Node ordering matches Chemprop exactly: reactant atoms 0..n_reac−1, then product-only atoms n_reac..n_cgr−1.

Correctness

Verified against Chemprop's Python CondensedGraphOfReactionFeaturizer on:

E2 dataset (1264 reactions, atom-mapped explicit H)
SN2 dataset (2362 reactions, includes [H-:2] lone-hydride nucleophiles)
10 hand-crafted unbalanced reactions (num_only vs BALANCE divergence)

A test fixture CSV (tests/data/sample_rxns_100.csv, 110 reactions) is included. Golden .xz reference files can be committed once you've had a look at the design.

Speedup benchmarks present here

Implements C++ CGR (Condensed Graph of Reaction) featurization to accelerate chemprop reaction property prediction (~9x over Python path). New C++ code: - src/reaction_features.cpp: batch_reaction_featurizer supporting all 6 RxnModes (REAC_DIFF, REAC_PROD, PROD_DIFF and BALANCE variants) and all 4 atom featurizer modes (V1, V2, ORGANIC, RIGR). Uses O(bonds) hash-map bond enumeration instead of O(n^2) atom-pair scan. - src/features.h: ReactionMode enum, reaction_mode_names_to_array, and parse_reaction declarations; get_atomic_num_onehot_index helper for num_only representation of unmatched atoms - src/one_hot.cpp/h: get_atomic_num_onehot_index for num_only encoding - src/cuik_molmaker_cpp.cpp: exports reaction_mode_names_to_array and batch_reaction_featurizer to Python - CMakeLists.txt: add reaction_features.cpp to cuik_molmaker_core sources Test fixtures: - tests/data/sample_rxns_100.csv: 100 balanced reactions (50 E2 + 50 SN2) plus 10 hand-crafted unbalanced reactions covering num_only and BALANCE mode edge cases. Verified against chemprop CondensedGraphOfReactionFeaturizer across all 6 modes with max_diff=0.

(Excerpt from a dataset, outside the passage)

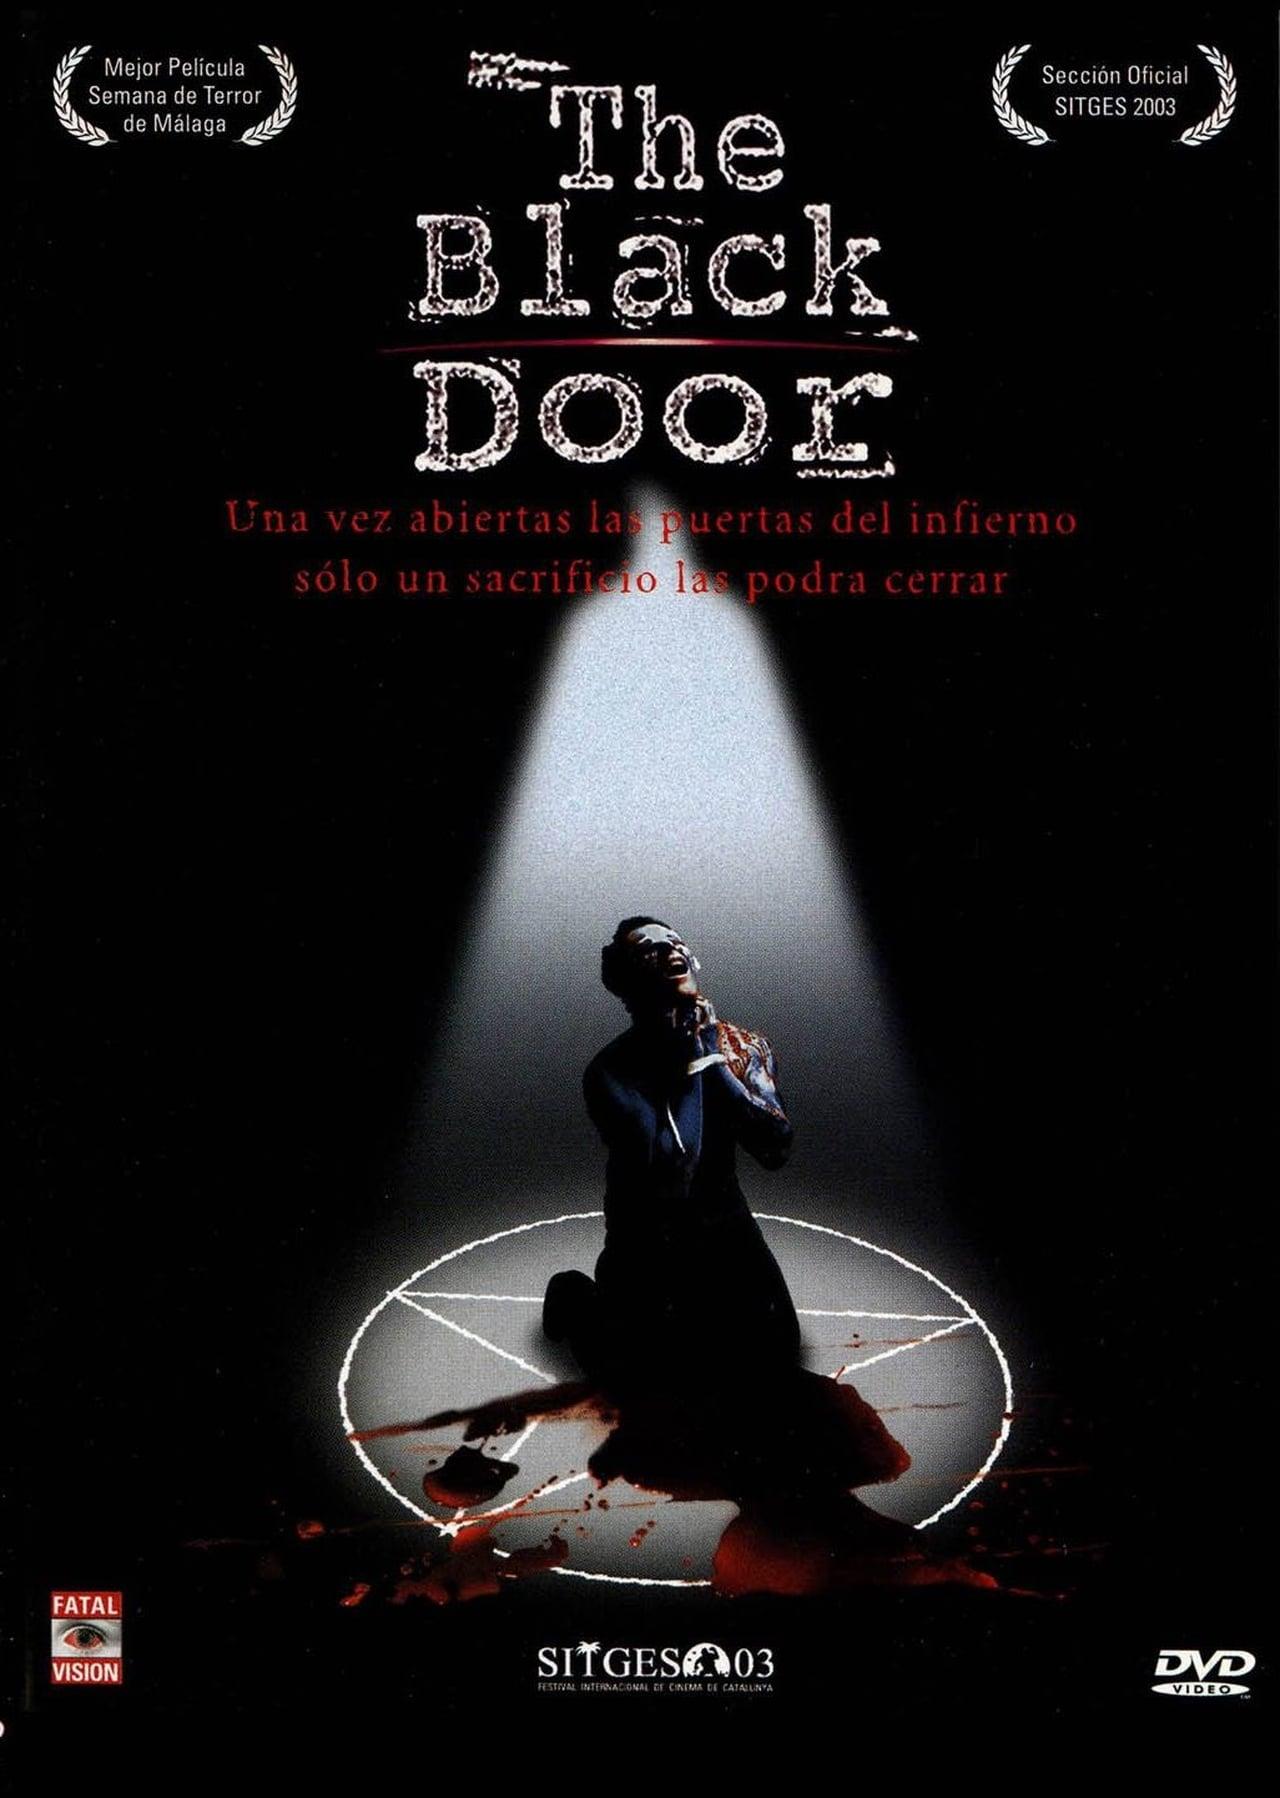 The Black Door poster
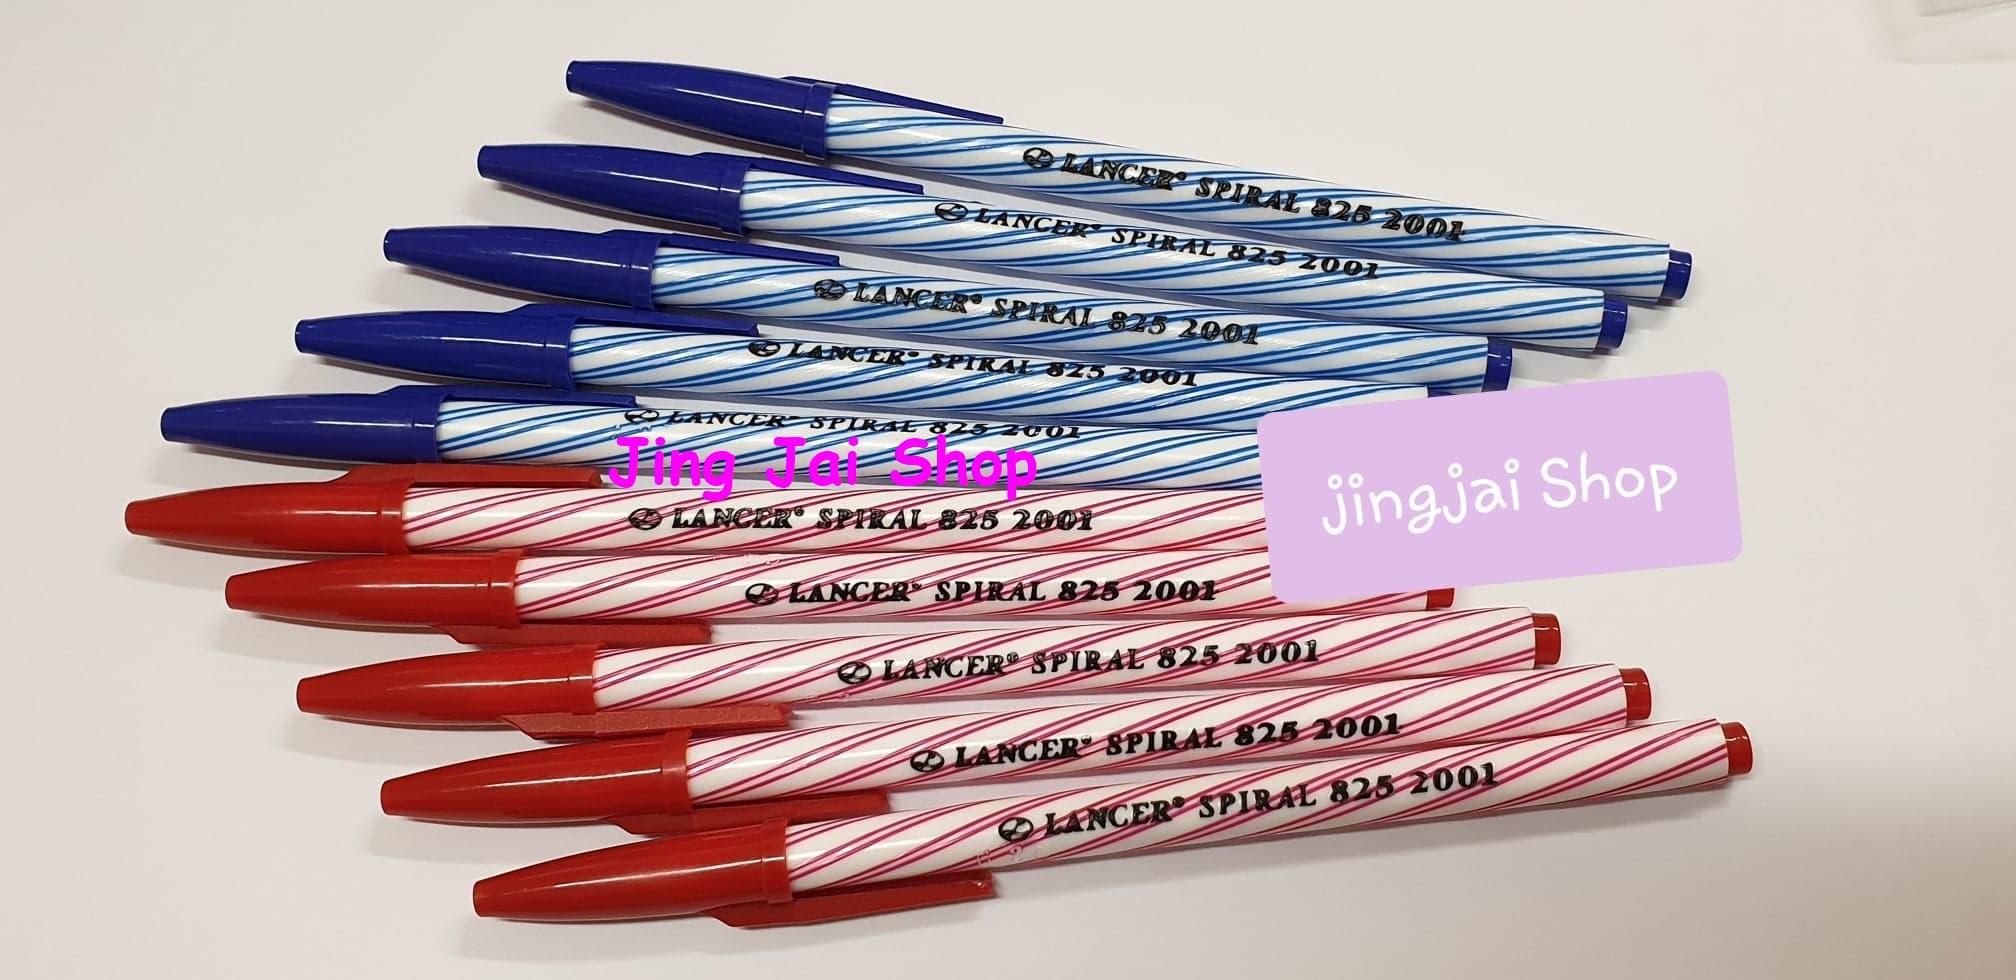 ปากกา Lancer ปากกาลูกลื่น 0.5 มม. ปากกาแลนเซอร์ รุ่นSpiral 825 ปากกาน้ำเงิน +สีแดง หมึกสีน้ำเงิน หมึกสีแดง จำนวน 5+5 =10 ด้าม เขียนนาน เขียนดี

test_reaction_features.py: parametrized over all 4 atom featurizer versions (V1, V2, ORGANIC, RIGR) × all 6 reaction modes (REAC_DIFF, REAC_PROD, PROD_DIFF and BALANCE variants) = 24 test cases. RIGR uses reduced bond features (["is-null", "in-ring"], bond_fdim=2 per side = 4 total) unlike V1/V2/ORGANIC which use 5 bond features (bond_fdim=14 per side = 28 total). Golden .xz files generated from C++ batch_reaction_featurizer output after verifying agreement with chemprop CondensedGraphOfReactionFeaturizer (max_diff=0 on E2/SN2 data across all 6 modes).

akshatzalte · 2026-06-14T21:26:57Z

Hi @sveccham , just a friendly ping on the PR whenever you have a chance. I'd appreciate any feedback/comments before it is ready to merge.

sveccham · 2026-06-15T19:45:20Z

Hi @akshatzalte,

Thank you for your patience. I will have a look at this PR in the next few days. We are currently working on releasing v0.2.1.

sveccham

Hi @akshatzalte,
Thanks again for the PR. Very neat idea using a hashmap to reduce the problem complexity. This is also a very good use case for moving to C++.

I had a high level look at the PR and left a couple of initial comments. I had one question about the overall design. The CGR bond lookup is constructed once for each reaction in a batch. Would it be more computationally efficient to construct it for the entire batch (with appropriate atom and bond offsets) at once and exploit the O(1) lookup?

sveccham · 2026-06-16T19:40:11Z

+                                       offset_carbon,
+                                       ReactionMode(mode_int));
+    },
+    "Featurize a batch of reactions (CGR) and return 5 NumPy arrays.");


List what the 5 numpy arrays are briefly.

sveccham · 2026-06-16T19:43:59Z

What is the source of these sample reactions? We should make sure they are references appropriately and comply with license (if any)

akshatzalte · 2026-06-26T22:09:21Z

Hi @sveccham ,
Thank you for your comments. I will resolve them over this weekend.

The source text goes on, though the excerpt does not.